### ASSIGNMENT
The listing below holds pictures; exclude them. Return exactly the lines from the one with "Y2K YMI Jeans" through the one with "A-COLD-WALL* & Dr.".

-------- RECORDS FOR THIS EXERCISE

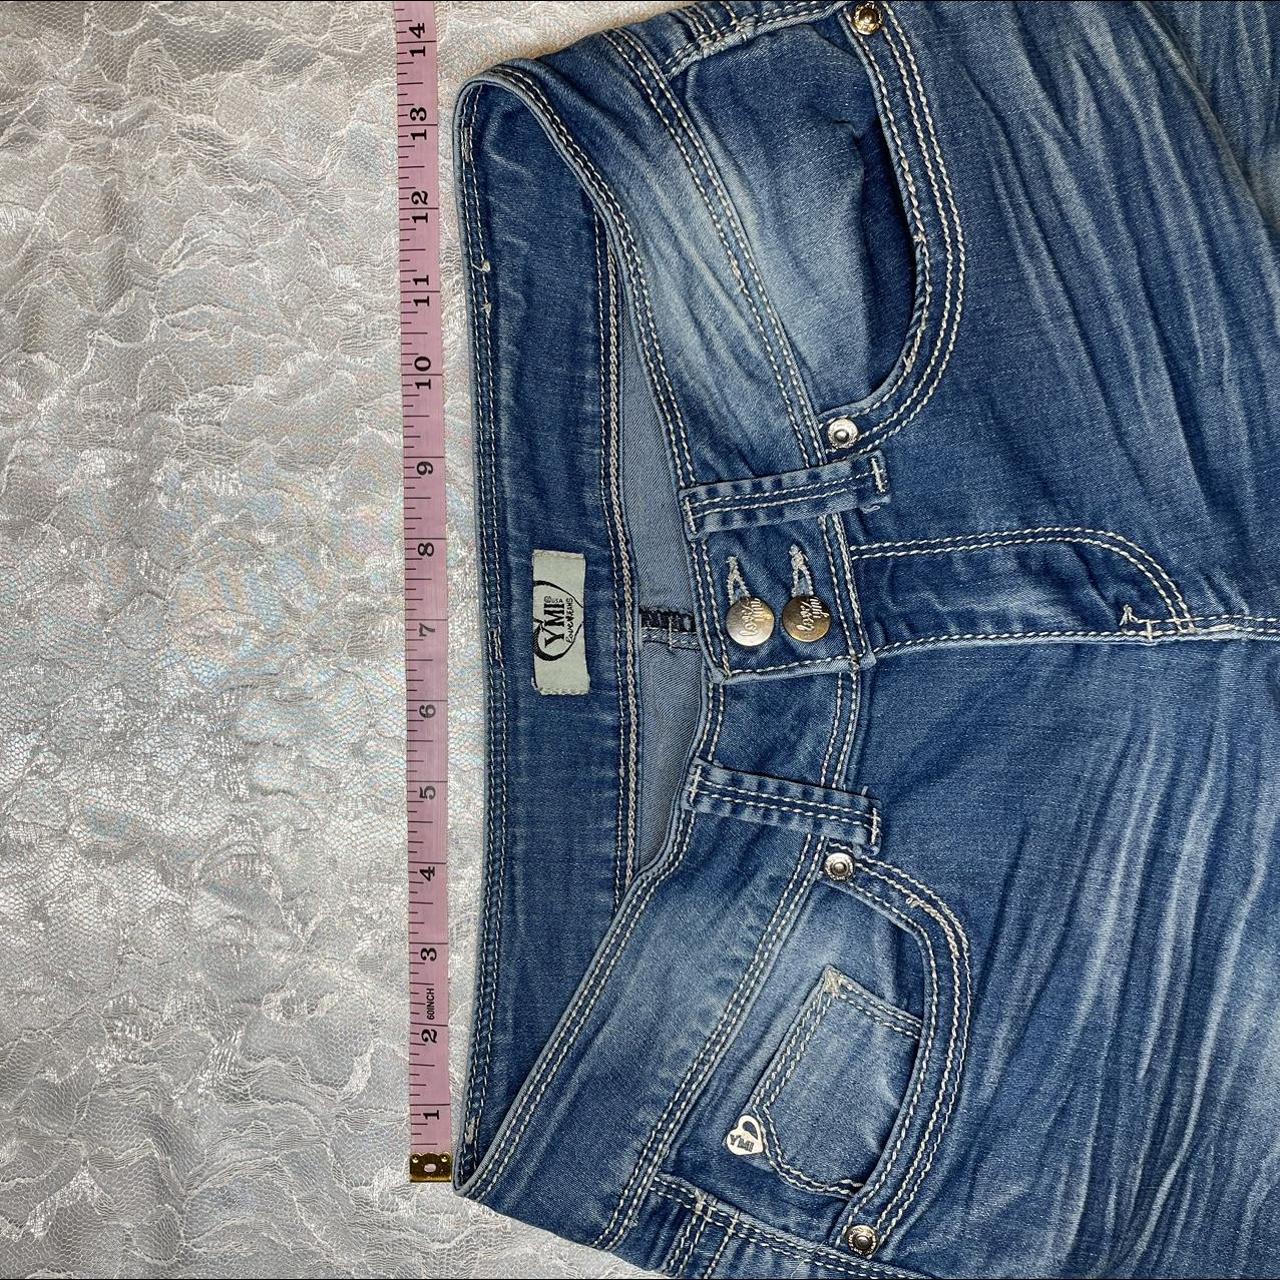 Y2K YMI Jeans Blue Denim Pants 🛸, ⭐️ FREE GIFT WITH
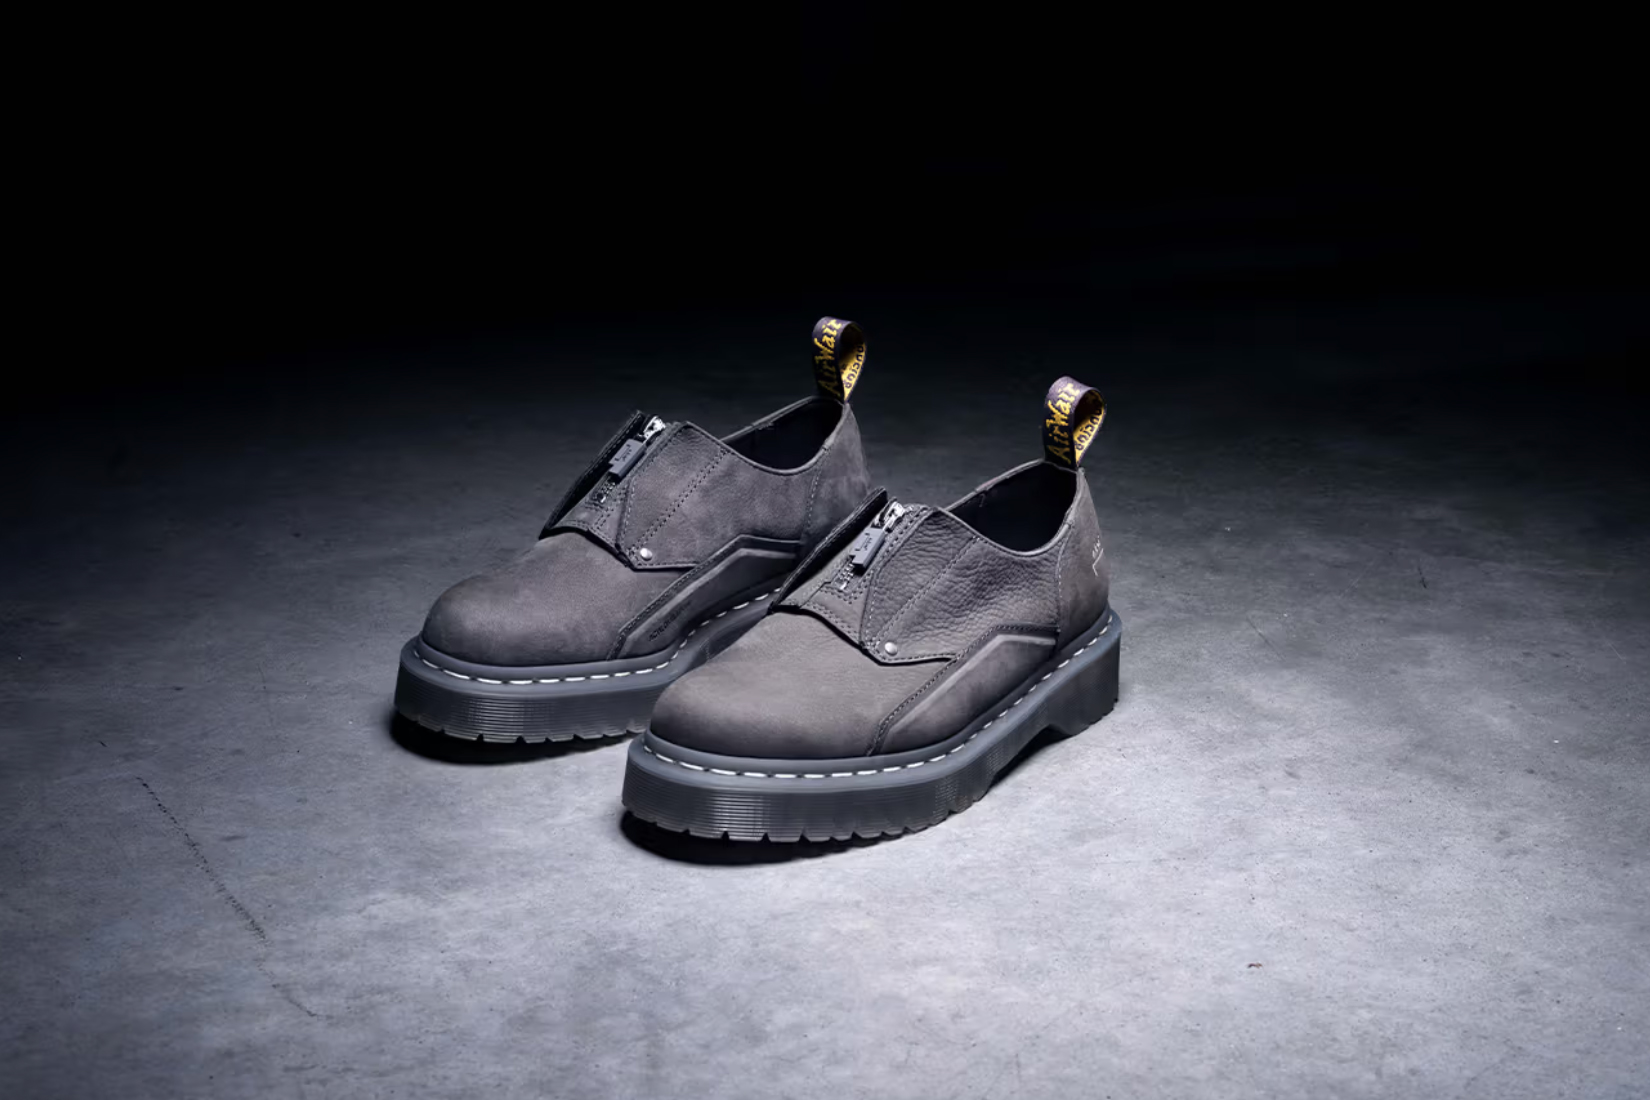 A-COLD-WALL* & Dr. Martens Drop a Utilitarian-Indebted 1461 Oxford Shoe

----------------
-------- RECORDS FOR THIS EXERCISE

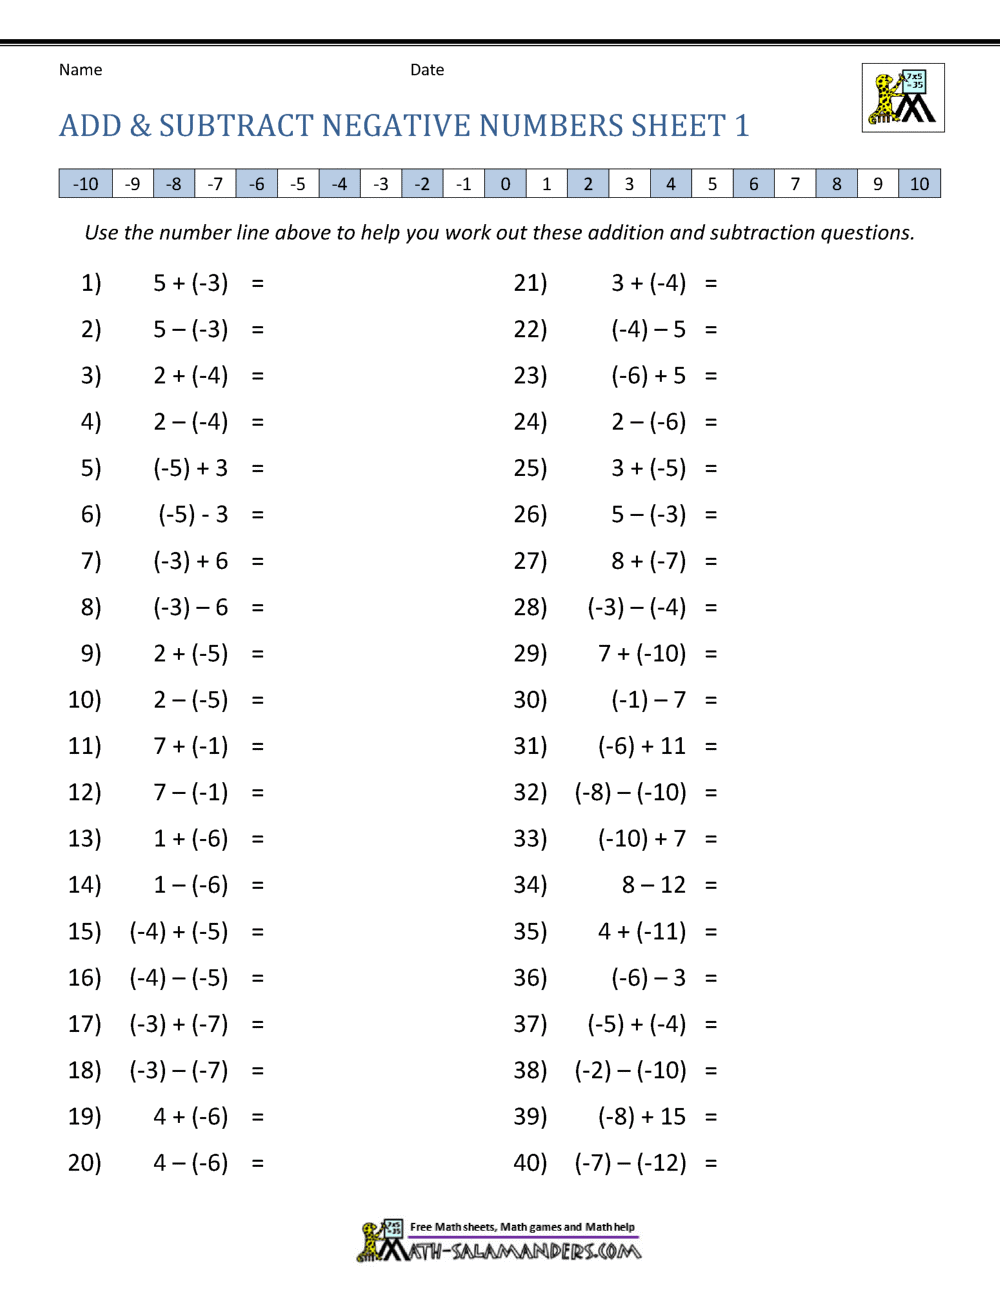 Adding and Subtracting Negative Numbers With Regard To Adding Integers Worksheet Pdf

----------------

### EXERCISE OUTPUT
 Y2K YMI Jeans Blue Denim Pants 🛸, ⭐️ FREE GIFT WITH
 A-COLD-WALL* & Dr. Martens Drop a Utilitarian-Indebted 1461 Oxford Shoe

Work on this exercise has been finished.